With open extensible types it's possible to extend this approach to unlimited 
number of supported basic skeleton types, but the resulting usages would look 
somewhat messy, e.g.:

let map_1 m1 m2 m3 m4 =
  let open T_v in
  let module O = Option (T_v) in
  let module P1 = Pair (T_v) (O) in
  let module P2 = Pair (O) (T_v) in
  let module R = Result (P1) (P2) in
  R.map (R.Result (P1.Pair (T_v, O.Option T_v), P2.Pair (O.Option T_v, T_v))) 
m1 m2 m3 m4

-- 
Mikhail Mandrykin
Linux Verification Center, ISPRAS
web: http://linuxtesting.org
e-mail: mandrykin@ispras.ru

Re: [Caml-list] Late adding of type variable constraints

[Markus Mottl]

On Mon, Sep 7, 2015 at 2:33 PM, Mikhail Mandrykin <mandrykin@ispras.ru> wrote:
> Not sure if it's exactly what's desired, but I'd suggest Format-like
> implementation in spirit of the following:

Though it only solves part of my particular problem, this is a pretty
clever encoding to create mapping functions for structures with
arbitrary numbers of type parameters so thanks for sharing.

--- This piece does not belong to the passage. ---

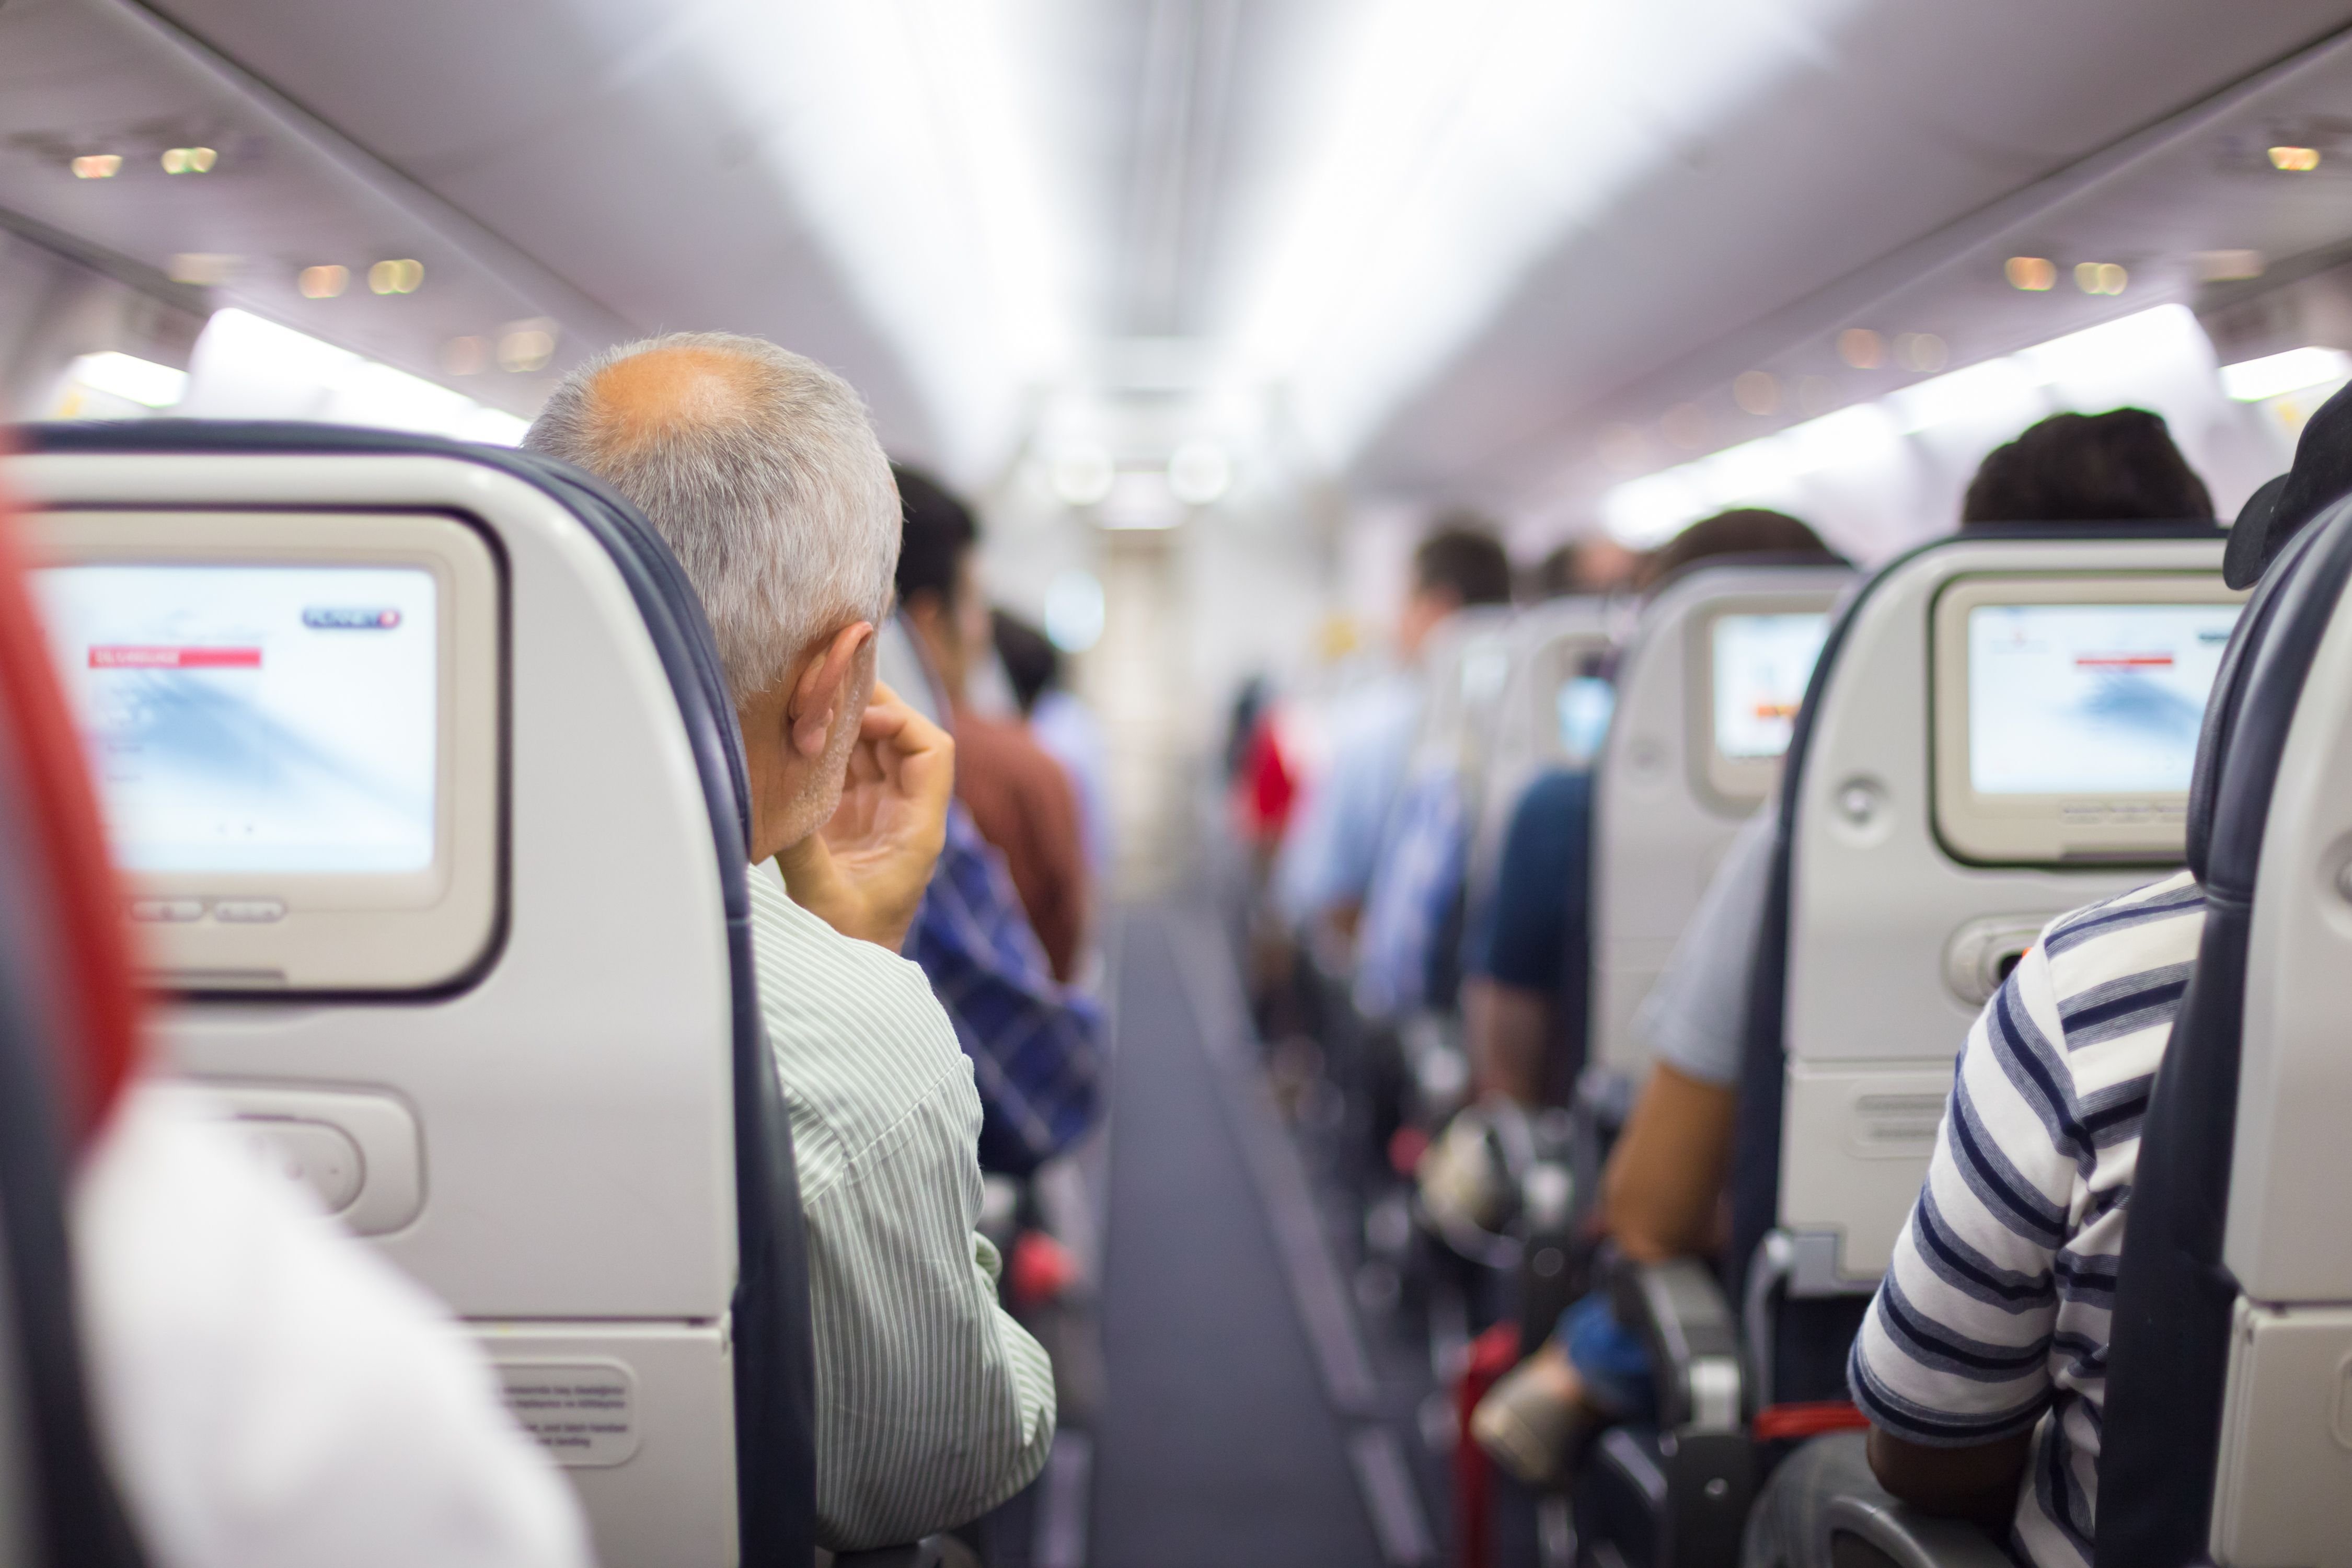 A plane hallways during a busy flight. | Source: Shutterstock

In my case I also need to define a type ('a t) such that I can pass it
on in a functor.  The functor body needs to know that invariants are
maintained after each mapping: the skeleton, as captured by t, and
that the same constraints hold for type parameter 'a across mappings.
Only then can the functor body easily map back and forth between
various encodings of the type parameters while maintaining the
skeleton.

Right now my solution to stay extensible is to simply syntactically
include the file containing the functors "Option", "Pair", etc., using
a macro preprocessor.  The environment into which it is included
defines the constraints on the type variables for this particular
instance.  This approach works for arbitrary constraints, which is why
I'm disappointed that this apparently cannot be done without macros.
Somehow it feels like a problem that should be easily solvable within
the core language.

-- 
Markus Mottl        http://www.ocaml.info        markus.mottl@gmail.com

Re: [Caml-list] Late adding of type variable constraints

[Mikhail Mandrykin]

On Wednesday, September 09, 2015 10:00:34 AM Markus Mottl wrote:

> In my case I also need to define a type ('a t) such that I can pass it
> on in a functor.  The functor body needs to know that invariants are
> maintained after each mapping: the skeleton, as captured by t, and
> that the same constraints hold for type parameter 'a across mappings.
> Only then can the functor body easily map back and forth between
> various encodings of the type parameters while maintaining the
> skeleton.
> 

Probably the defunctionalization encoding used in the paper on Lightweight 
Higher-Kinded Polymorphism in OCaml 
(https://ocamllabs.github.io/higher/lightweight-higher-kinded-polymorphism.pdf) can help in some way. The corresponding library and examples 
are available at https://github.com/ocamllabs/higher.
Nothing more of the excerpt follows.